Eric Hodel posted something recently about a technique he has used to speed up his tests: he is profiling by lines logged. We ran this the other day before our epiphany and it actually tipped us off to two beefy controller methods.
We all know fixtures suck, but we could find very little information out there about speeding up your unit tests other than Jay Field’s No DB Unit Testing. He bypasses all database access and uses mocks to decouple his unit tests (he’s also got some good advice on unit testing). Everyone loves their mocks these days, so we tried getting our Mock On a little more (yes we were using mocks for various things already). The problem is we have a lot of models and even more relations, so stubbing/mocking things out was going to take a lot more time than we wanted to invest. We also noticed that the majority of the slow down in the oracle adapter was in the schema dumper/loader. It was actually spending more time dumping and loading the schema than it was actually testing our code.

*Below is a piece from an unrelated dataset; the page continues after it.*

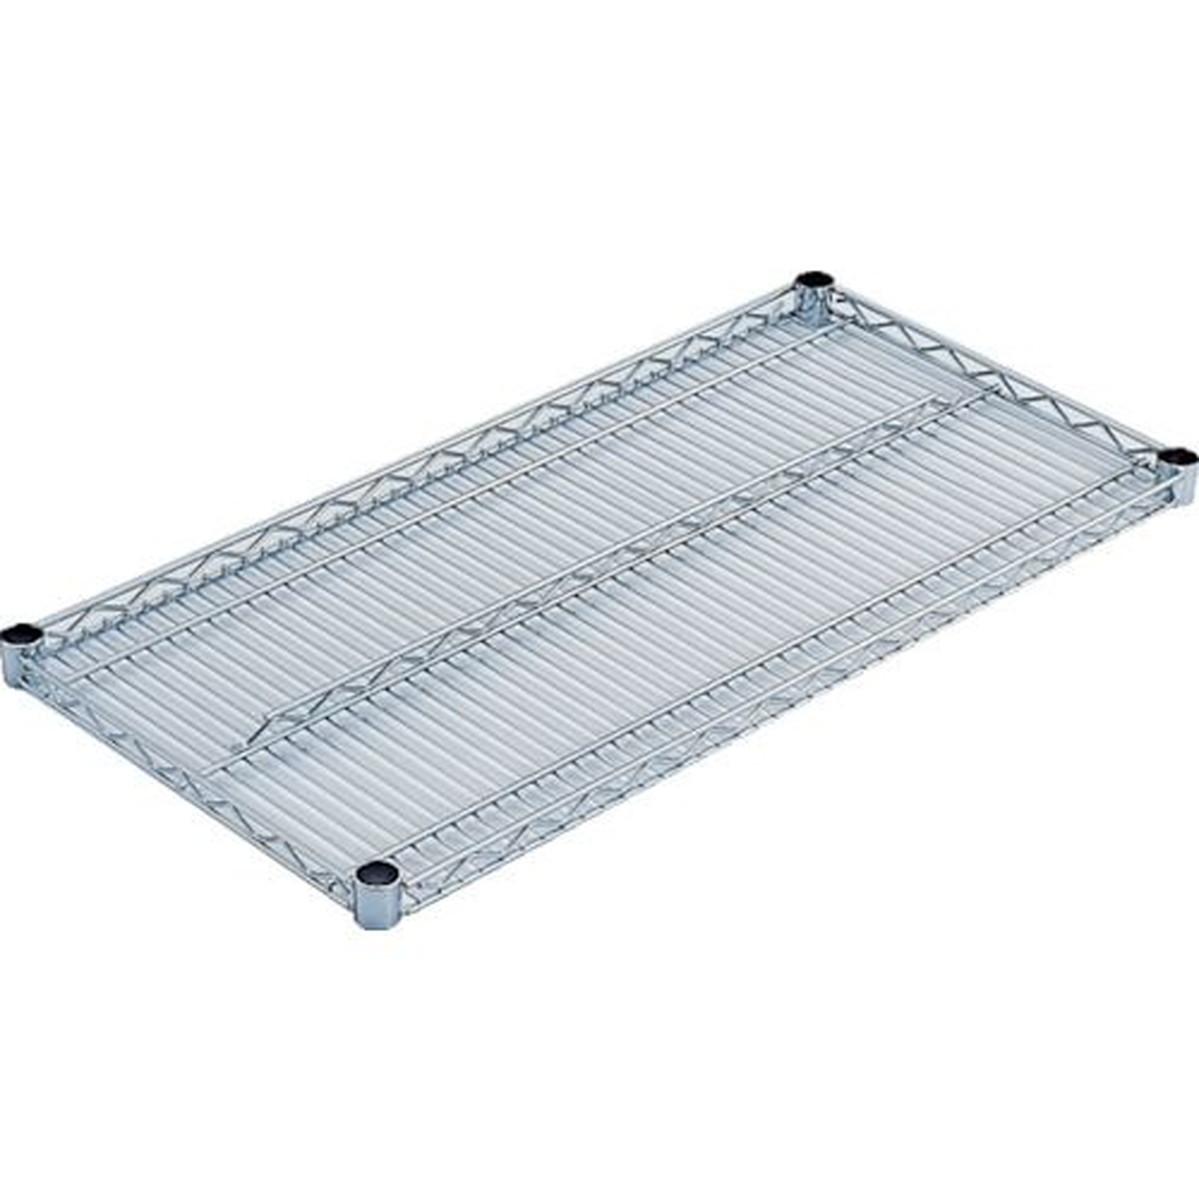 あす楽対応 DIY用品 TRUSCO 1枚 905X609 安値 優先配送 ステンレス製メッシュラック用棚板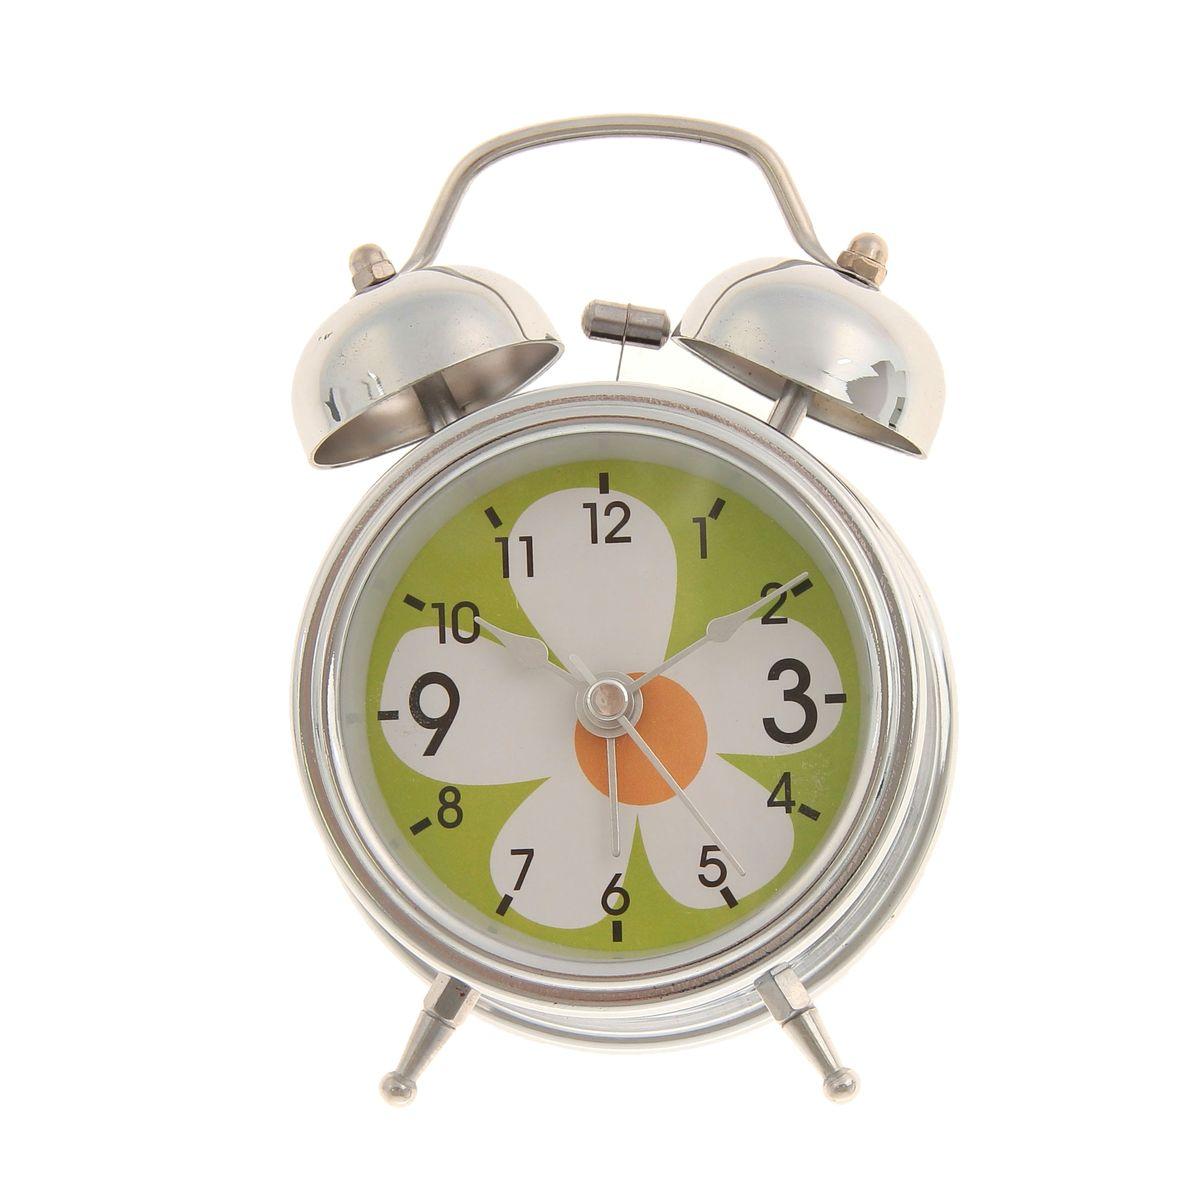 Часы-будильник Sima-land. 669596669596Как же сложно иногда вставать вовремя! Всегда так хочется поспать еще хотябы 5 минут ибывает,что мы просыпаем. Теперь этого не случится! Яркий, оригинальный будильникSima-land поможет вам всегдавставать в нужное время и успевать везде и всюду. Время показывает точно ибудит в установленный час. Будильник украсит вашу комнату и приведет ввосхищение друзей.На задней панели будильника расположеныпереключатель включения/выключения механизма и два колесика для настройки текущего времени и времени звонка будильника. Также будильник оснащен кнопкой, при нажатии и удержании которой, подсвечивается циферблат. Будильник работает от 1 батарейки типа AA напряжением 1,5V (не входит вкомплект).

We noticed a huge speedup in some of our unit tests by omitting calls to that evil ‘fixtures’ class method. Since we are using transactional tests, we only needed to populate the database before the test run. Giddy like schoolgirls we started pulling fixtures definitions left and right, but we’d set ourselves up for failure months earlier. We heavily used the dreaded fixtures accessor methods, the stuff that gives you parties(:first) when you declare ‘fixtures :parties’ in your test. This was gonna be a nightmare to overhaul because we were using it all over our unit tests, and without a “fixtures” call in the test the accessors wouldn’t work.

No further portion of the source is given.